Defendant Stovall also argues that the plaintiff failed to specifically plead actions undertaken by Stovall which constitute an investigation. This court is well aware that a conclusory allegation need not be accepted by the court to defeat a motion to dismiss. Sampson v. Rumsey, 1 Kan. App. 2d 191, 193-94, 563 P.2d 506 (1977). However, plaintiff has stated specific acts. Initiating or precipitating an investigation are acts and not just conclusory allegations. The question for determination is whether in the light most favorable to the plaintiff, and with every doubt resolved in the plaintiff's favor, the petition states any valid claim for relief. Ripley v. Tolbert, 260 Kan. 491, 921 P.2d 1210 (1996). This court finds that plaintiff's alleged facts defeat a motion to dismiss and therefore, this court denies defendant Stovall's motion for reconsideration.

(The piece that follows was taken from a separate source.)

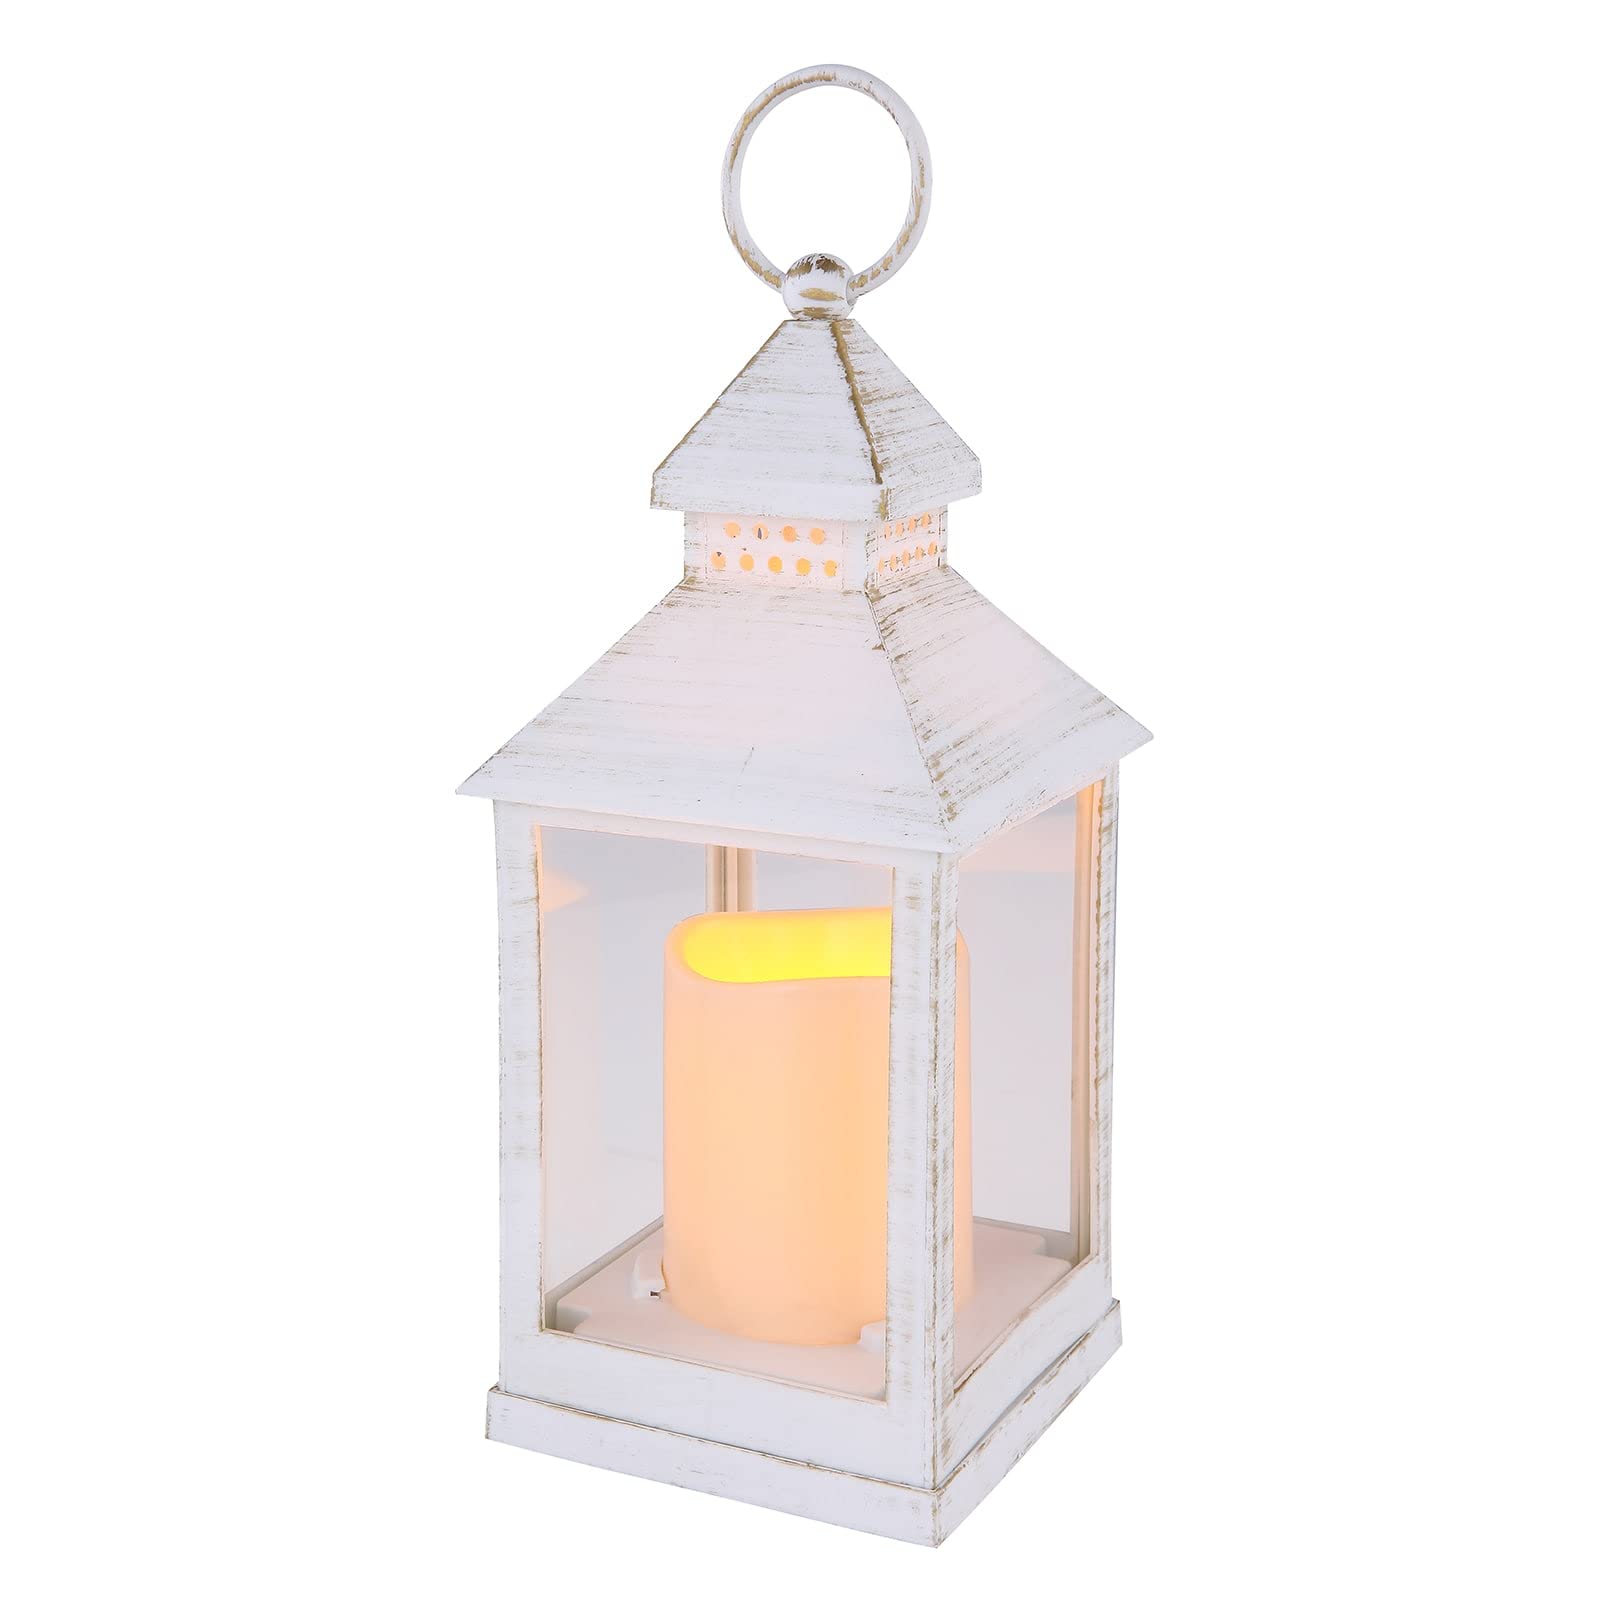 Eaxus® 4er Set Blaze-it LED Laterne - Windlicht mit Realistischem Flammeneffekt und Echtglas, Shabby Chic Weiß

Furthermore, this court also denies defendant Stovall's alternative motion to amend the judgment and add the findings pursuant to K.S.A. 60-2101(b). In light of McCormick, this court does not find that there is a controlling question of law as to which there is substantial grounds for difference of opinion.

Whether Defendants Sabel and Thomas are Entitled to Absolute Immunity Against Plaintiff's Federal Claims

For the reasons already set out above in the previous two sections, this court denies defendant Sabel and Thomas's motion for reconsideration and their alternative motion for findings pursuant to K.S.A. 60-2101(b). In summary, the holdings from U.S. Supreme Court cases are controlling as to the analysis of federal claims under 42 U.S.C. § 1983. In that context it would be ludicrous to provide absolute immunity to K.B.I. investigators if prosecutors are not entitled to absolute immunity for all of their investigative acts.

Defendants' Motion to Strike Plaintiff's Reply

Defendants filed a motion to strike plaintiff's reply because "it addresses arguments made by defendants in their response (sic)." Defendants contend that plaintiff's reply is actually a sur reply and violates Shawnee County District Court Rule 3.202(b).

This court concurs that paragraphs 1, 2, and 3 do not address defendants' response to plaintiff's cross-motion and instead address arguments made by defendants in their reply. Therefore, the court does strike paragraphs 1, 2, and 3 of plaintiff's reply as those paragraphs are in fact a sur reply.

However, paragraph 4 does address arguments made by defendants in their response to plaintiff's cross-motion and the court will consider paragraph 4.

Therefore, this court grants in part and denies in part defendants' motion to strike plaintiff's reply.

Plaintiff's Cross-Motion for Reconsideration

Plaintiff filed a cross-motion for reconsideration in conjunction with his response to defendants' motion for reconsideration.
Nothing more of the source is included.